Here it is the last full week in October and the fall colors are just beginning to show their color. The changing hues of fall leaves depend upon many factors, including geographical location, growth habit, plant pigmentation and weather.
The hot colors of fall are the opposite of spring’s cool tones. The ruby red, burnt orange, burnished gold and canary yellow typical of the fall season derive more from the foliage of deciduous plants than from flowers. Because of the brilliant colors and sheer volume of leaves, fall foliage defines the season.
Fall does have its own flowers, such as mums and dianthus, but the fiery foliage of maples, oak and birch comes to mind first when we think of a fall scene. These flaming foliage colors seem hot and vibrant, intense and exciting after the overwhelming greenness of late summer. Set these colors off against the summer sky of purest blue, no painter could devise a more exciting color scheme.
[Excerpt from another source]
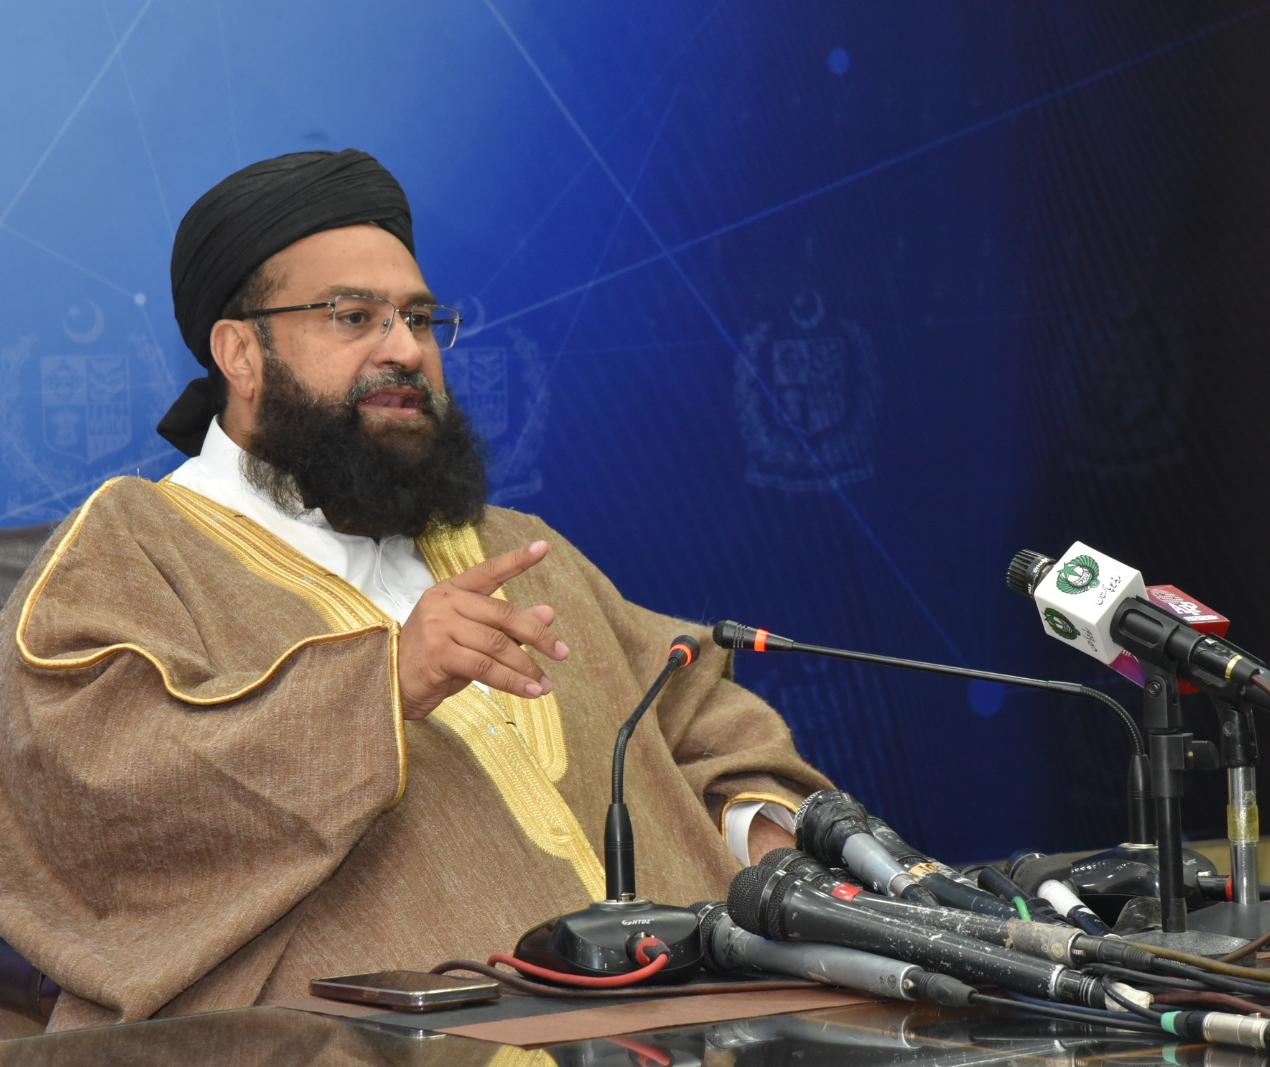 Pakistan poised for economic growth with strong support from Saudi Arabia: Ashrafi

The intensity of any year’s changing fall foliage depends on many factors, most of them under Mother Nature’s control. Red and scarlet autumn displays do not occur every year, because weather strongly influences the intensity of red pigment. Yellow pigments are usually more predictable and less influenced by weather.
The best red displays happen during years of abundant moisture, when fall days are warm and sunny and nights are cold. Moisture from summer and early fall rain prevents the aging leaves from drying out and dropping prematurely before they change color.
In years of drought, as we are seeing this year, or even in years when late summer and fall rains are sparse, irrigating the trees and shrubs not only helps prepare them for winter dormancy, but also encourages a better fall color display.
Some trees and shrubs, such as the soapberry tree and sumac, color up early, turning scarlet yellow and red, respectively by late September. Others such as birch and oak remain green throughout October and sometimes into early November.
While the homeowner cannot control weather variations from year to year, they can maximize their fall colors. They should start by choosing trees and shrubs known for their fall colors, then enhance their display by planting them in sites that receive at least six hours of full sun per day in autumn.
Remember that changing angle of the sun means that shadow lengthen, as the days get shorter. Buildings and tree shadows may shift enough at this time of year to cast unwelcome shade on some garden beds that were once sun-filled in the summer.
West and south facing location are usually best for fall colors. Gardeners will find the brightest red-orange colors of a Caddo maple appears on the west side of the house. A burning bush, changes to blood red when in full sun, but becomes a deep rosy pink when grown in the shade. A gardener should design the fall landscape so that they are looking at the west-facing sides of those shrubs and trees chosen for fall foliage.
This is not based on research, but some horticulturists have found that when they are not sure what color a tree or shrub will turn in the fall, they base their educated guest on the color of the plants summer leaves. Those trees and shrubs that summer foliage is on the yellow side of green tend to turn yellow or gold in the fall. Those plants with darker green or bluish green foliage are most likely to become red or purple. Try it and see if this is not true.
One other note about choosing trees and shrub for fall color. Choose those trees and shrubs that are adapted to Oklahoma. Remember native plants are always the best choice.